::: Dataset extract

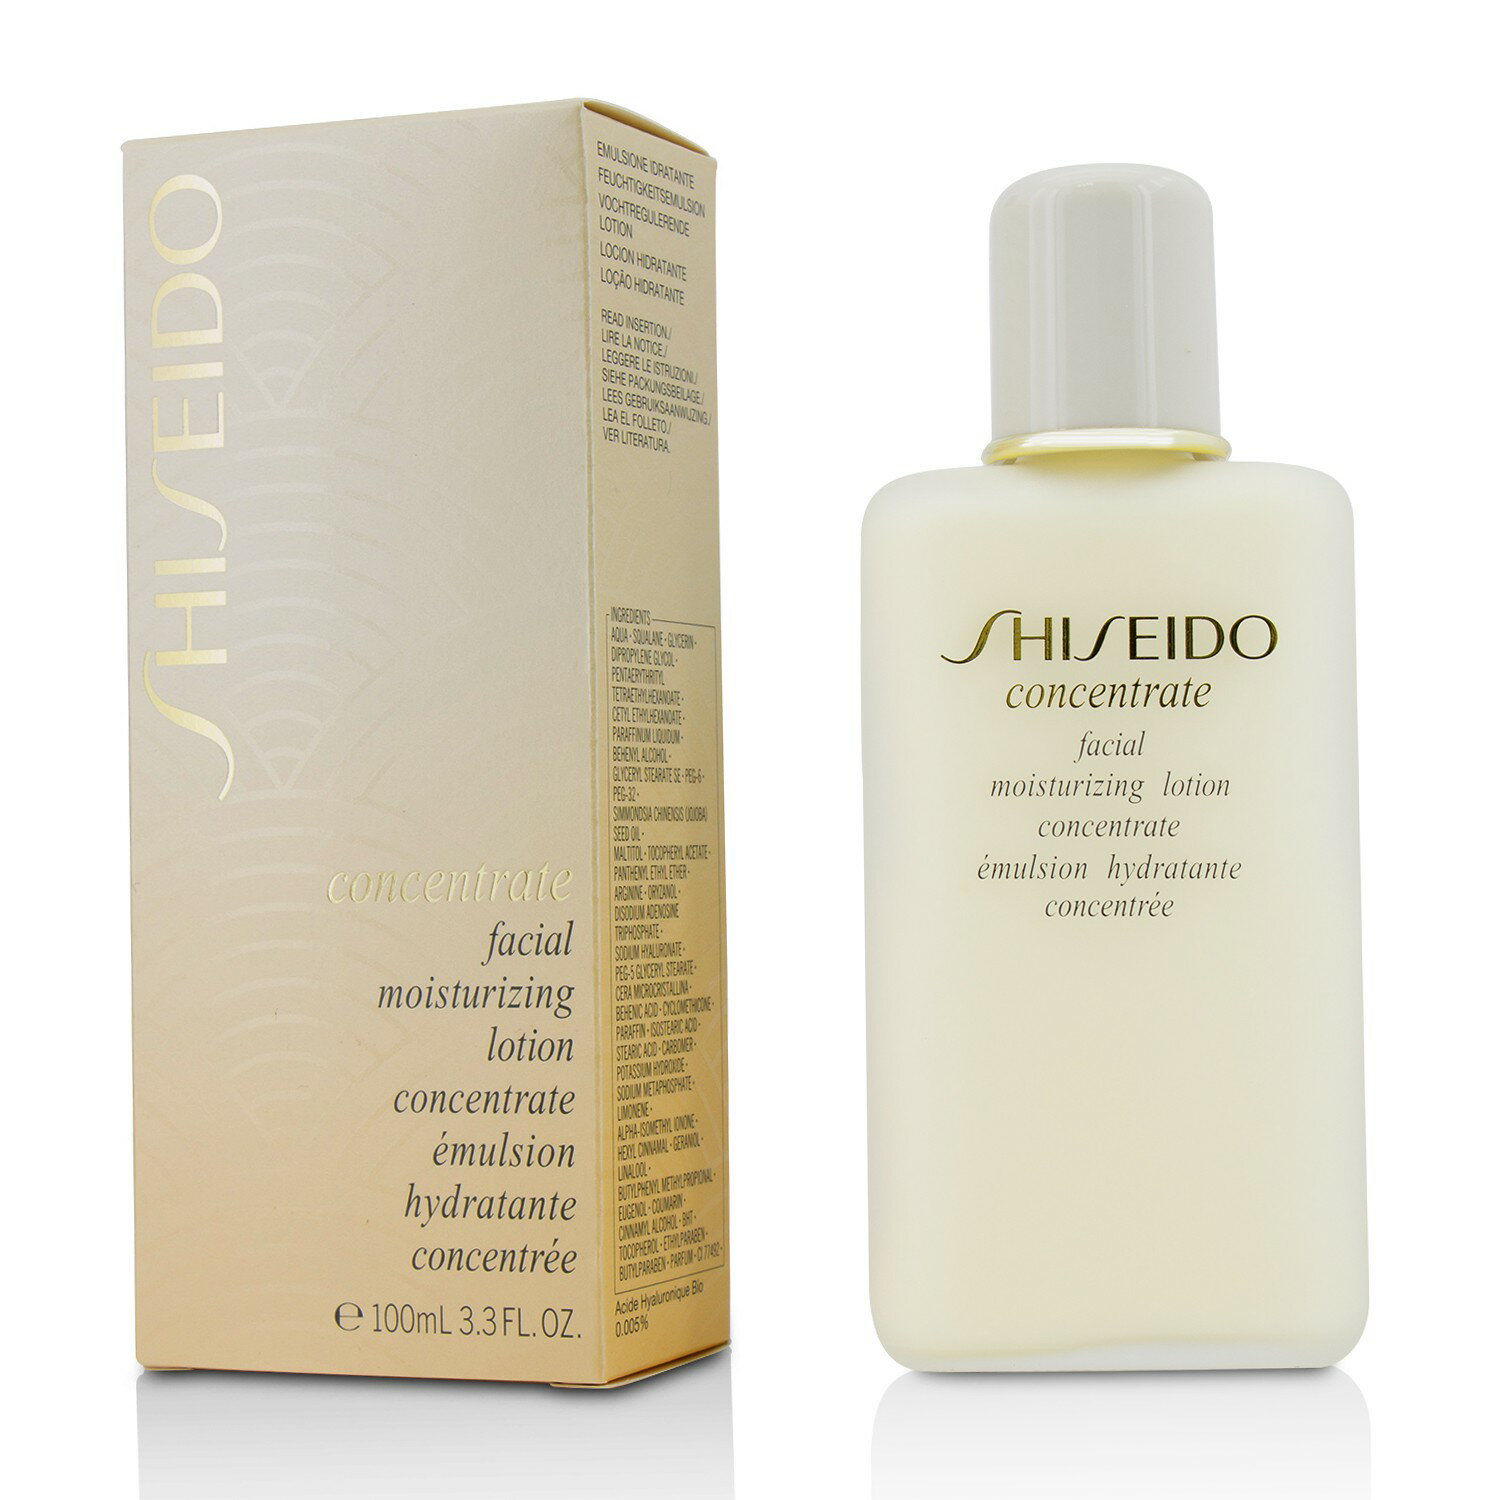 網購推薦-資生堂 Shiseido - 康肌玉膚滋潤乳液
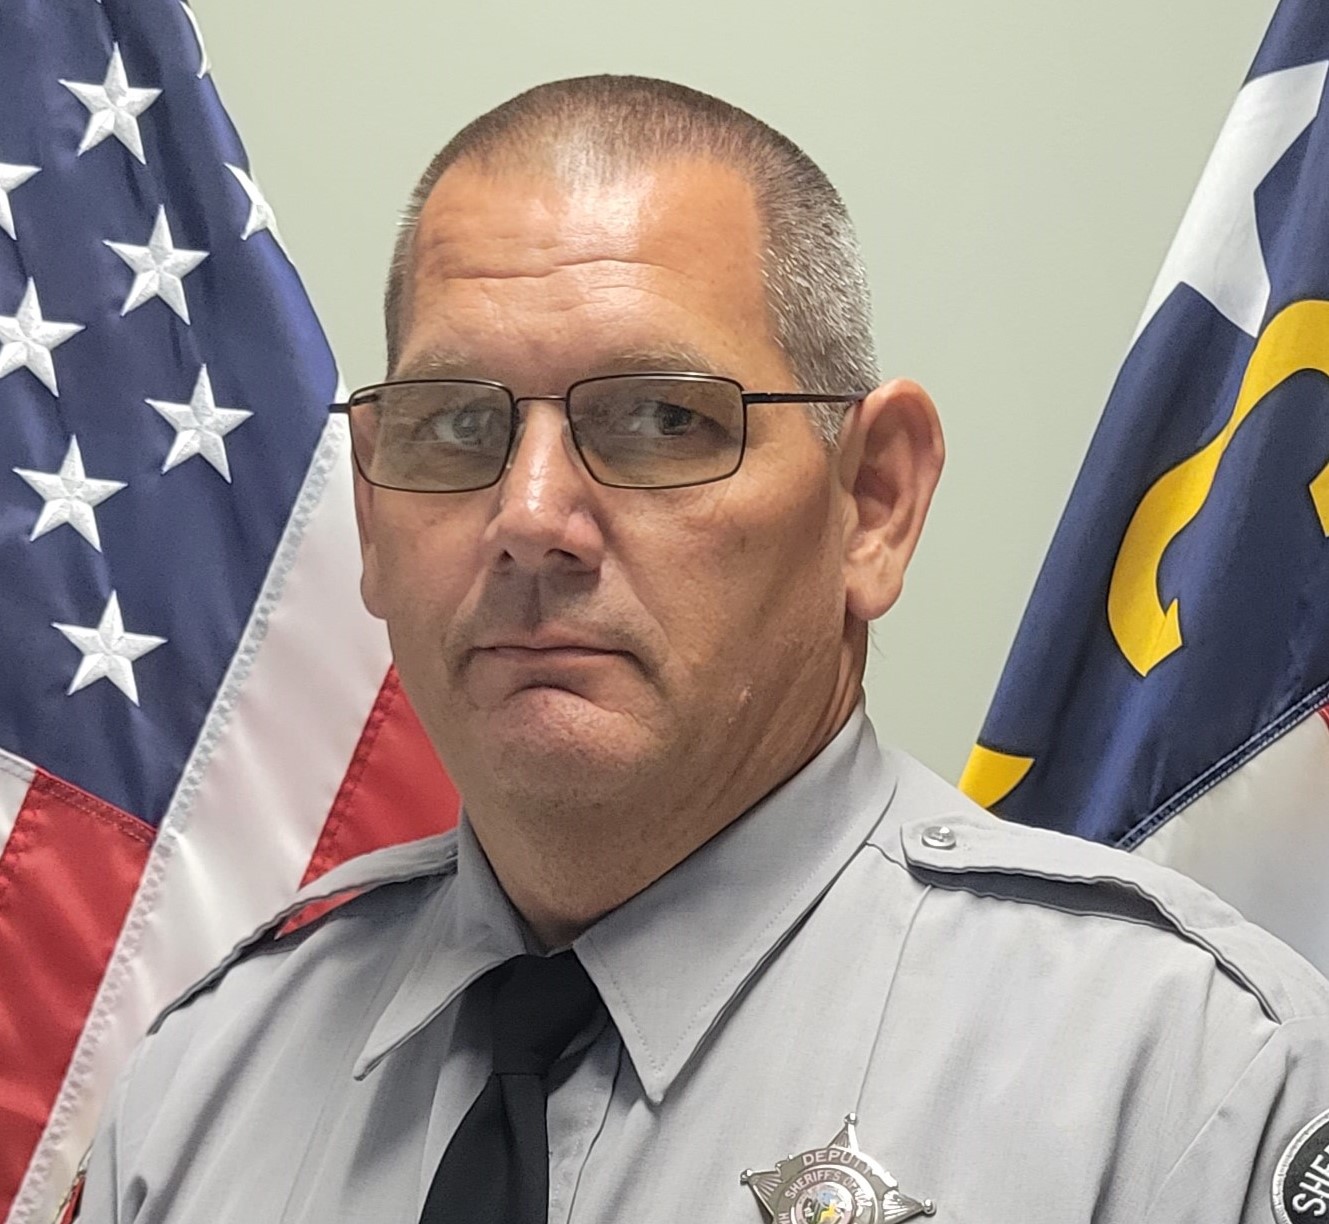 Harnett County mourns the loss of Deputy Sheriff Chris Johnson
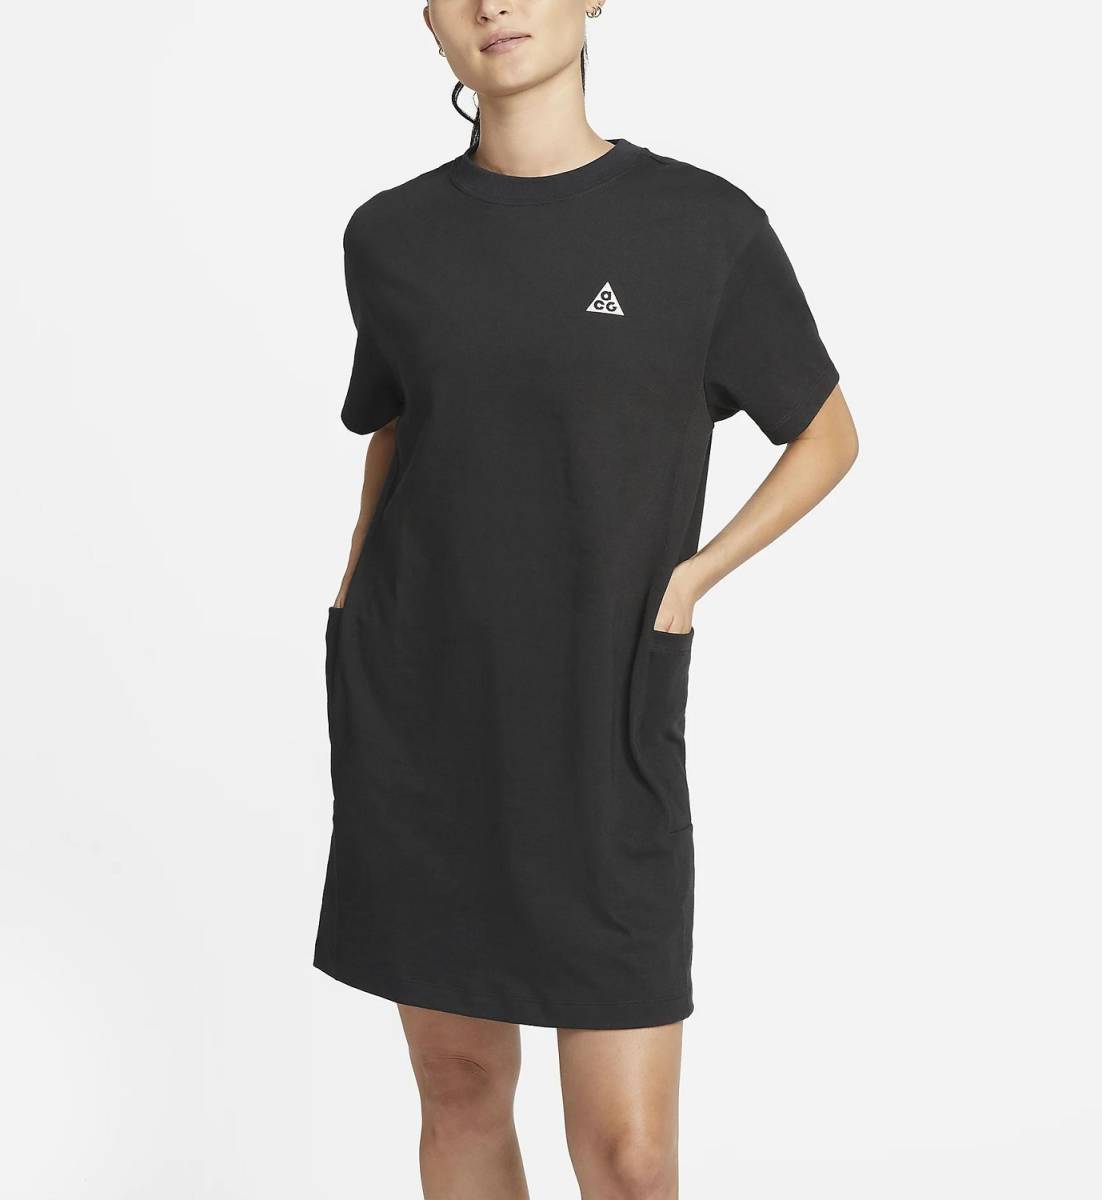  Nike ACG женский dry Fit ADV футболка платье M размер обычная цена 9680 иен черный чёрный уличный короткий рукав One-piece туника

::::::

=== Directions ===
Would you return the data above exactly as written, minus the images?

=== Expected answer ===
 網購推薦-資生堂 Shiseido - 康肌玉膚滋潤乳液
 Harnett County mourns the loss of Deputy Sheriff Chris Johnson
  Nike ACG женский dry Fit ADV футболка платье M размер обычная цена 9680 иен черный чёрный уличный короткий рукав One-piece туника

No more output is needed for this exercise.